Q3: The retrieval pattern among different queries. As mentioned in response to Q1, the retrieval patterns are highly consistent across different input queries, indicating they are primarily model-based and not query-specific.

Q4: The effectiveness of the compensation token. In Figure 7 of our main paper, we present ablation studies examining the impact of compensation tokens. Both experiments were conducted with identical KV cache allocations, and the inclusion of compensation tokens resulted in significant accuracy improvements. This evidence highlights the critical role of compensation tokens in mitigating information loss due to KV cache reduction. Exploring the combination of compensation tokens with other baseline algorithms is an exciting direction, and we plan to investigate this in future studies.

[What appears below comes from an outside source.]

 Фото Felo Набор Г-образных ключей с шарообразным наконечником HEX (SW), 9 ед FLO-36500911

Q5: The KV cache budget for different algorithms. Table.2 outlines the KV cache compression setup for RazorAttention. For a fair comparison, the total compression ratio for each baseline was adjusted to match RazorAttention’s configuration, ensuring consistent evaluation across varying input lengths. However, as the input length increases, the absolute KV cache budget may differ proportionally due to RazorAttention’s dynamic compression strategy.

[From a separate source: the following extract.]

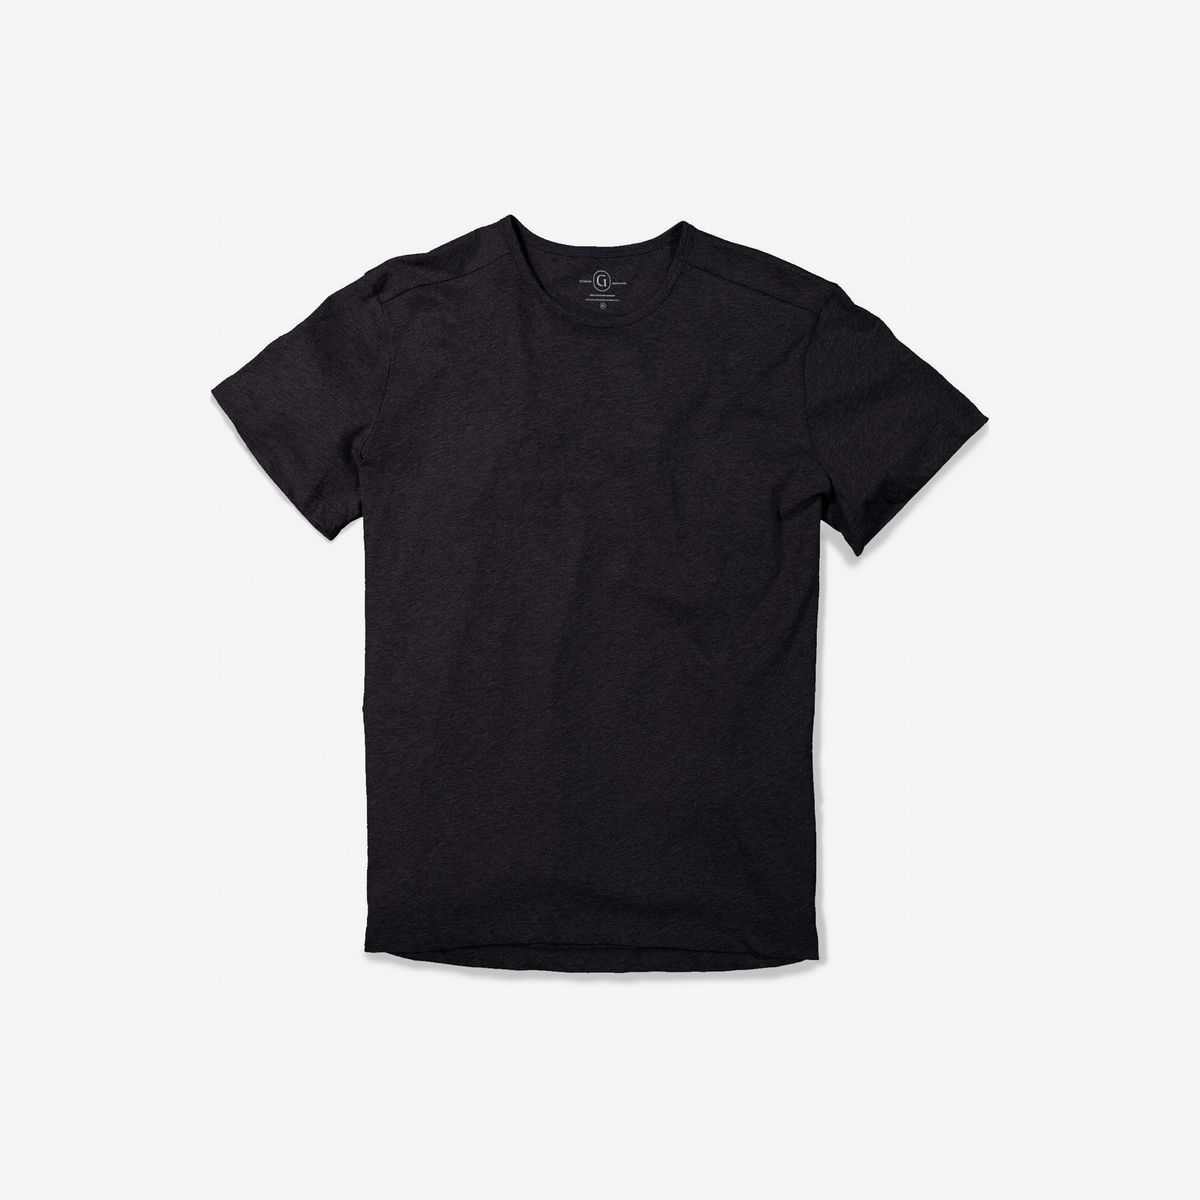 Best Black Tee Shirts Deals, 55% OFF | www.ingeniovirtual.com

Molimolinaa commented 19 hours ago

ok

Molimolinaa commented 16 hours ago

retrieal_head with different input

Molimolinaa commented 16 hours ago

Thank you for pointing this out. The retrieval patterns remain highly consistent across different input queries, suggesting that they are indeed model-based rather than query-specific. In Figure.4 of our appendix, we illustrate the retrieval heads selected using various “Needle in a Haystack” queries, demonstrating that the selected heads are unchanged across different inputs.